Officials released a revised package on Tuesday that backs away from cuts to anti-Ebola and hurricane recovery cash, though it maintained $7 billion in cuts to the Children’s Health Insurance Program. Those reductions have opened up a tough line of attack from Democrats, even after nonpartisan budget officials confirmed that the measure would have no effect on the health program for kids.
“$7 billion for sick kids. It’s really unbelievable if you stop and consider it," Rep. Joe Crowley (R-N.Y.) shouted from the House floor Thursday. "Republicans are asking children to pay for their tax cut to the rich."
Democrats on the Senate Budget Committee attacked the GOP’s bill as “nothing more than a PR stunt,” arguing that the Republican tax overhaul cost 1,300 times as much as the so-called rescissions package would save.
Just one day before the bill landed on the House floor, a fight over the children’s health care program erupted in a closed-door House GOP meeting, with multiple lawmakers expressing concerns about the optics of those cuts ahead of the November elections.
The same day, leaders of the conservative Republican Study Committee said in a sit-down with House Speaker Paul Ryan that they wanted a vote on the rescissions package before agreeing to back any spending bills.
“In this conference, you sometimes have to draw a line in the sand,” Walker said Thursday before the vote.
The White House’s revisions didn’t win the votes of every GOP holdout. Rep. Mario Diaz-Balart (R-Fla.), for example, said the latest version was “better,” but voiced concerns with cutbacks to a low-income housing program.
“I commend them for looking at where we can save money. That’s a good thing," Diaz-Balart said. "But now we’re down to probably less than $1 billion, and some policy issues. Cutting money from a program to get people from dependency to self-sufficiency is probably not something we should do."
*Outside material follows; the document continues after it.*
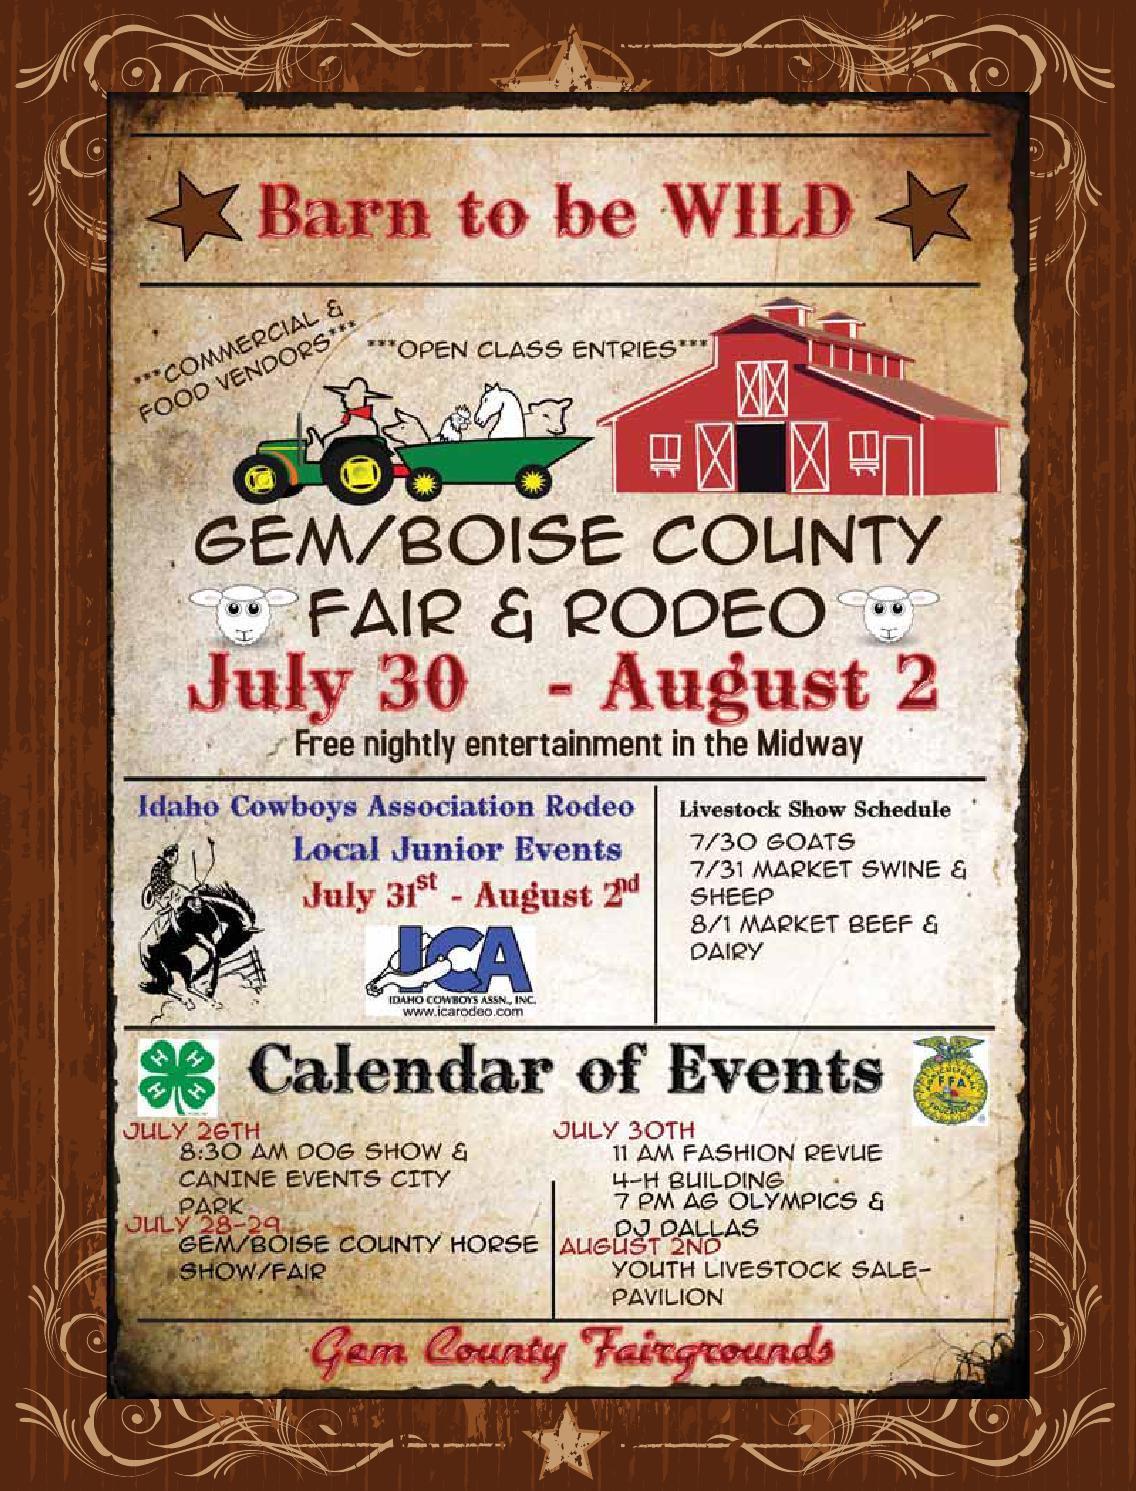 2014 Gem County Fair Book by APG-West (Idaho Press) - issuu

The $15 billion in cuts marks the largest-ever rescissions package in history and is far less of a lightning rod than Trump himself once imagined. After this spring’s funding battle, the president vowed to use the obscure budget tool to claw back money from the trillion-dollar omnibus bill.
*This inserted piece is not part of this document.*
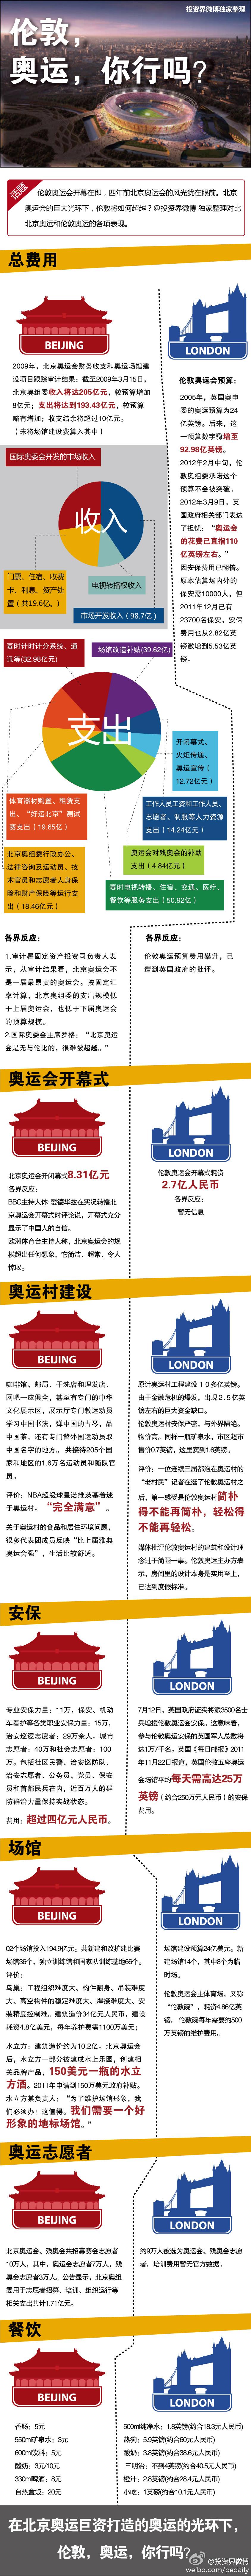 伦敦奥运会,北京奥运会

That changed after House Majority Leader Kevin McCarthy quietly helped convince White House officials to lower their sights and instead produce a mostly controversy-free bill intended to reclaim unspent funding from past years.
Rep. Tom Cole (R-Okla.), a co-sponsor of the bill, described it as an attempt to “weed the garden.”
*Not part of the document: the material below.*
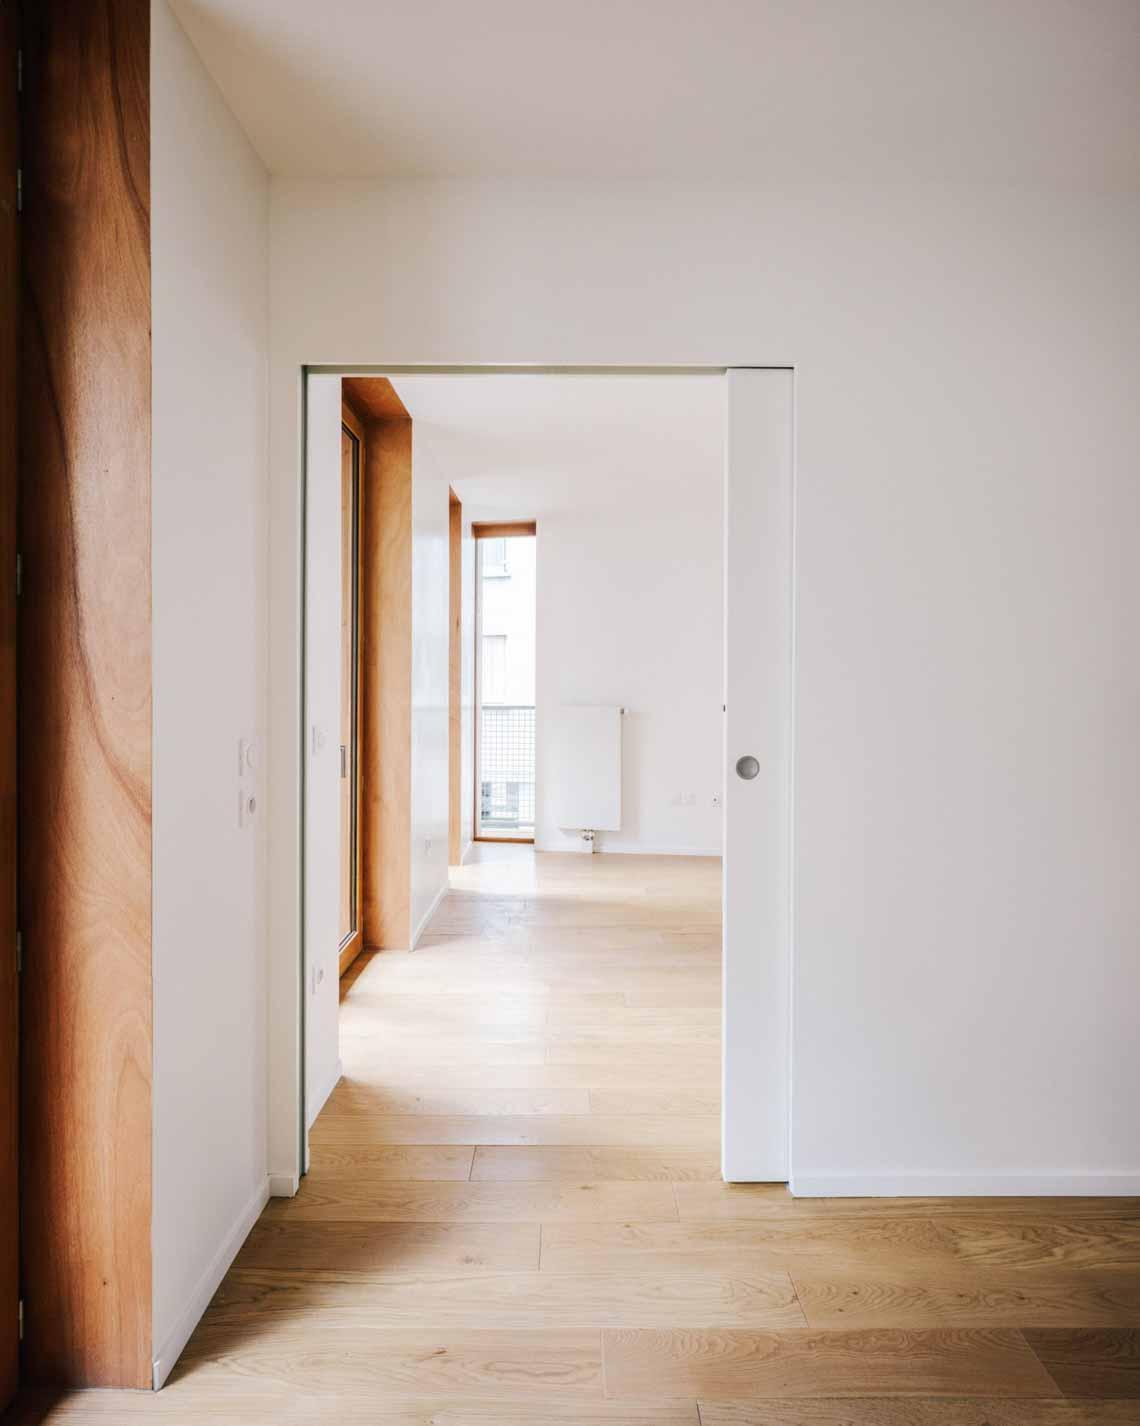 Tòa nhà căn hộ bằng gỗ với thiết kế mang phong cách Nhật Bản - 14

“I started out as a skeptic," Cole said. "I actually raised questions about this, because I was afraid it would undo a carefully negotiated deal. It doesn’t do that."
The Trump administration is already planning two more spending cutbacks, including one that would target money laid out under the fiscal 2018 spending package. The second proposal is expected before the midterm elections.
Fiscal hawks, like those at the Committee for a Responsible Federal Budget, are cautioning House Republicans not to take a victory lap on debt reduction after the rescissions bill.
“Rescissions are only a very small step forward in restraining spending,” the group wrote in a statement Thursday.
Adam Cancryn contributed to this report.